Secretary Rumsfeld Live Interview With Infinity CBS Radio Nov 14, 2002
Kroft: Mr. Secretary, we’ve also, in addition to phone calls, we’ve gotten emails, and I want to read one to you. I’m the parent of an Army Reserve soldier who has already gone through his training and is on the next call up list to be deployed to the Persian Gulf area within the next few weeks, for a period of six months to two years. I’m not yet convinced that Iraq is such an imminent threat to the United States that it justifies having my son placed in harms way. If I were there in person, speaking to you, what would you say to convince me?

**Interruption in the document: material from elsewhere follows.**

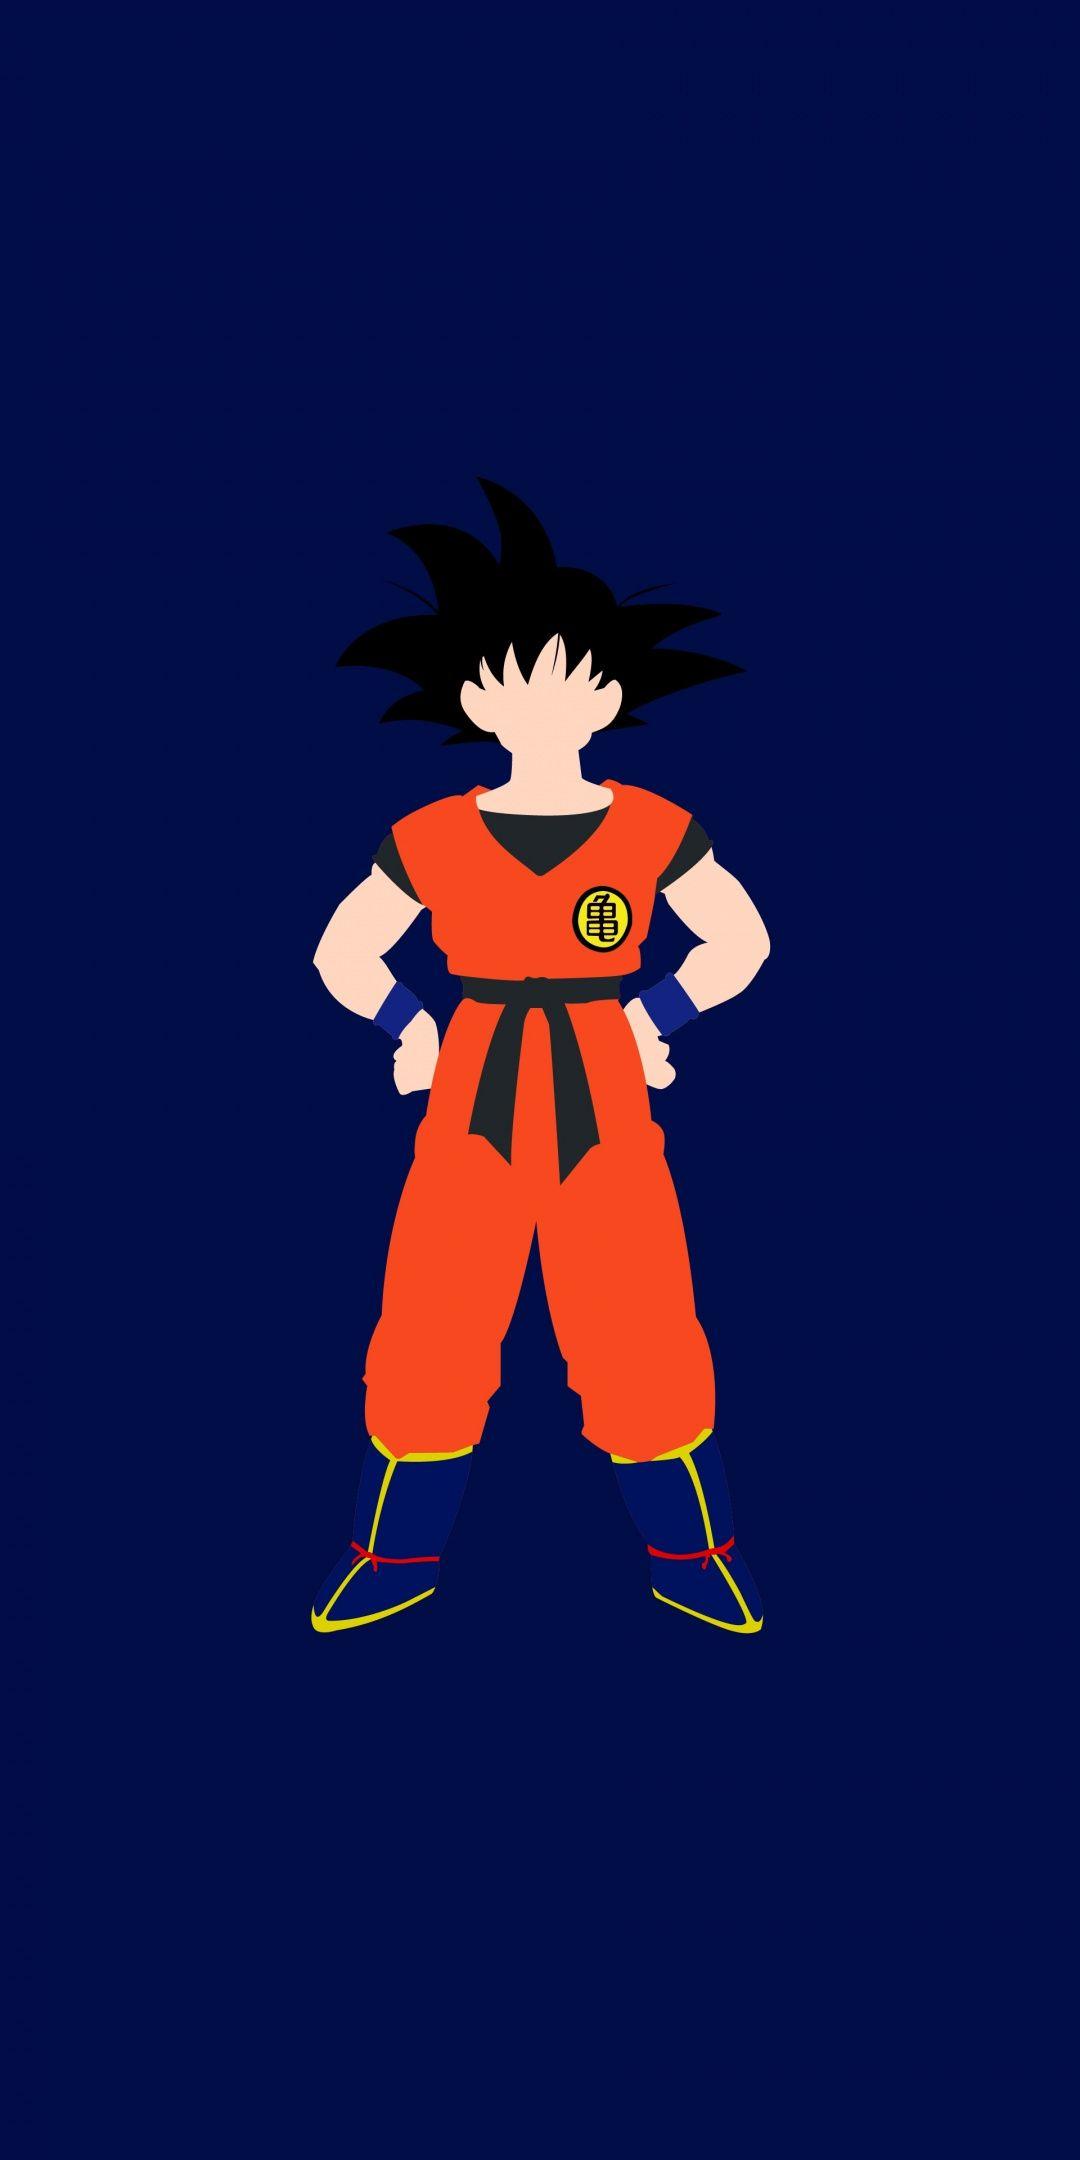 Minimal Goku Dragon Ball Art 1080x2160 Wallpaper Iron Man Art Goku Art Dragon Ball

Rumsfeld: Well, first, we’re grateful that your son is serving, and wants to serve. And I can’t help but recognize the feelings that a parent has. What would I say to you? Well, I would look you in the eye and I would say, go back before September 11th and ask yourself this question, was the attack that took place on September 11th an imminent threat the month before, or two months before, or three months before, or six months before? When did the attack on September 11th become an imminent threat? When was it sufficiently dangerous to our country that had we known about it that we could have stepped up and stopped it and saved 3,000 lives? Now, transport yourself forward a year, two years, or a week, or a month, and if Saddam Hussein were to take his weapons of mass destruction and transfer them, either use them himself, or transfer them to the al Qaeda, and somehow the al Qaeda were to engage in an attack on the United States, or an attack on U.S. forces overseas, with a weapon of mass destruction you’re not talking about 300, or 3,000 people potentially being killed, but 30,000, or 100,000 of human beings. So the question is, when is it such an immediate threat that you must do something, is a tough question. But if you think about it, it’s the nexus, the connection, the relationship between terrorist states and weapons of mass destruction with terrorist networks that has changed our lives, and changed the security environment in the world. And right now in the Congress the intelligence committees in the House and the Senate are working very hard, trying to connect the dots as to who knew what before September 11th, how might it have been stopped. Our task, your task as a mother, and as a citizen, as a voter, and my task, is to try to connect the dots before something happens, not afterwards. People say, well where’s the smoking gun? Well, we don’t want to see a smoking gun from a weapon of mass destruction. We have an obligation to try to defend the people of our country and the interests we have, and that is why the president went to the United Nations and sought a resolution, and received unanimous support to try to see if we can’t get a peaceful solution to the Iraqi problem.